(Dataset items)
#####

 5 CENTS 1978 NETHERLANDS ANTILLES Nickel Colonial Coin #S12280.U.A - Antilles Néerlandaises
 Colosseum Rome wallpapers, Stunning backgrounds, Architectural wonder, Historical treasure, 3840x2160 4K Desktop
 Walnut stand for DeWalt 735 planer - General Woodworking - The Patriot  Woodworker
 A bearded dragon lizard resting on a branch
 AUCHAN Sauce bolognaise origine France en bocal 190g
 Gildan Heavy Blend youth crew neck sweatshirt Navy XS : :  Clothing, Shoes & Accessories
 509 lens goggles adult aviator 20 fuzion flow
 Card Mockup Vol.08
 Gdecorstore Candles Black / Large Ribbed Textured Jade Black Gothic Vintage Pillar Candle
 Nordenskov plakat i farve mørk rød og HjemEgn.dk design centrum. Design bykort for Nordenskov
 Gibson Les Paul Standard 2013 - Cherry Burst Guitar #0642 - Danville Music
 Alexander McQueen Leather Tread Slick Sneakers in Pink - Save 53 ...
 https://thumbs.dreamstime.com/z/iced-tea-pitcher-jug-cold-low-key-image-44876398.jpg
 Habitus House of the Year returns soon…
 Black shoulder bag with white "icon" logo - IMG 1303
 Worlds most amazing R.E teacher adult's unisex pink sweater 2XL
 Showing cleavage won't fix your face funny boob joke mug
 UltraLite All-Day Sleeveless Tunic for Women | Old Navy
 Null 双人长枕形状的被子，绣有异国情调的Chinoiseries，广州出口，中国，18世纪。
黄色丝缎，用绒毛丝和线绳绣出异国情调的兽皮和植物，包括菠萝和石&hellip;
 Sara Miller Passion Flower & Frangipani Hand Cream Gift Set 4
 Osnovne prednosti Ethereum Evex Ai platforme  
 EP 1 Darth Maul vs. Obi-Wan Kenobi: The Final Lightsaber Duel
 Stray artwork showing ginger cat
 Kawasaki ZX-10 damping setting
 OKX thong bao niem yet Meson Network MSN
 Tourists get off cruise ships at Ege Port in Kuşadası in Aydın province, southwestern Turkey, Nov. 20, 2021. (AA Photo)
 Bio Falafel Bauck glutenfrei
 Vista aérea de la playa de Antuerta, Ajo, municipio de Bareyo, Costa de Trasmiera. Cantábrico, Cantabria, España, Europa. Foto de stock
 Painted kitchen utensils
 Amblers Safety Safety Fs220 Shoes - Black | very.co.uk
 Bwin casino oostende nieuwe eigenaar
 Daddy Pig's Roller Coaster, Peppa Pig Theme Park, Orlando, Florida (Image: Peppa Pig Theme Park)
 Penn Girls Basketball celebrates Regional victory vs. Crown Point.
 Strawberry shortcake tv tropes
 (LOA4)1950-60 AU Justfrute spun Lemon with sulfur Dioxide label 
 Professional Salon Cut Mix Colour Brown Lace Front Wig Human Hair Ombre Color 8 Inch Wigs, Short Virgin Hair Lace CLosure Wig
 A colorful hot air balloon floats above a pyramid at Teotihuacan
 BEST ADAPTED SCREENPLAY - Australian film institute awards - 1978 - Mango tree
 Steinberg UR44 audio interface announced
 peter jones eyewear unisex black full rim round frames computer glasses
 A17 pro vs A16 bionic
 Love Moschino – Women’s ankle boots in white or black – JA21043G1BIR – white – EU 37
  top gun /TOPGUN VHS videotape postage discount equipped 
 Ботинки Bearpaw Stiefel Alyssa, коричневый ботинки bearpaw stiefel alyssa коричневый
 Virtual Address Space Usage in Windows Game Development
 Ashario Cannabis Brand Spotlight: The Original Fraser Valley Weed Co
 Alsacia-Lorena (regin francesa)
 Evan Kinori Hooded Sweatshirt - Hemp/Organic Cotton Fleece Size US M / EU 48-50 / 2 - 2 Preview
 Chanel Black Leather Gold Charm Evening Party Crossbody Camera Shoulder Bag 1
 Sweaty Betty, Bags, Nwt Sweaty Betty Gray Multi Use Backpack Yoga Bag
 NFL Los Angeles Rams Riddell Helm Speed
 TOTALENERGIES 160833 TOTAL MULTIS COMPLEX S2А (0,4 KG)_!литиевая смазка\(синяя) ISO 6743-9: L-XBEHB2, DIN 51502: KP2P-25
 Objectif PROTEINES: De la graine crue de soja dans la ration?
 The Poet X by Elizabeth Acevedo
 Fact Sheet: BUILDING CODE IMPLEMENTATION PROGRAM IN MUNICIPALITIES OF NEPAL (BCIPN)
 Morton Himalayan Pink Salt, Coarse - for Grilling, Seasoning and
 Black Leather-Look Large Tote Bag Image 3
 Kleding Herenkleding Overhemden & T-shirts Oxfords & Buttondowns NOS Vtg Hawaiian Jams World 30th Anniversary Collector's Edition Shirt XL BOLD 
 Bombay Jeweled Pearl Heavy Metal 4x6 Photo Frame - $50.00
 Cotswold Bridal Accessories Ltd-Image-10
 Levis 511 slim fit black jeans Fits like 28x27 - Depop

#####

#### Problem details:
Search the records for the word "unisex" and copy out every line that holds it.

#### Finished exercise:
 Worlds most amazing R.E teacher adult's unisex pink sweater 2XL
 peter jones eyewear unisex black full rim round frames computer glasses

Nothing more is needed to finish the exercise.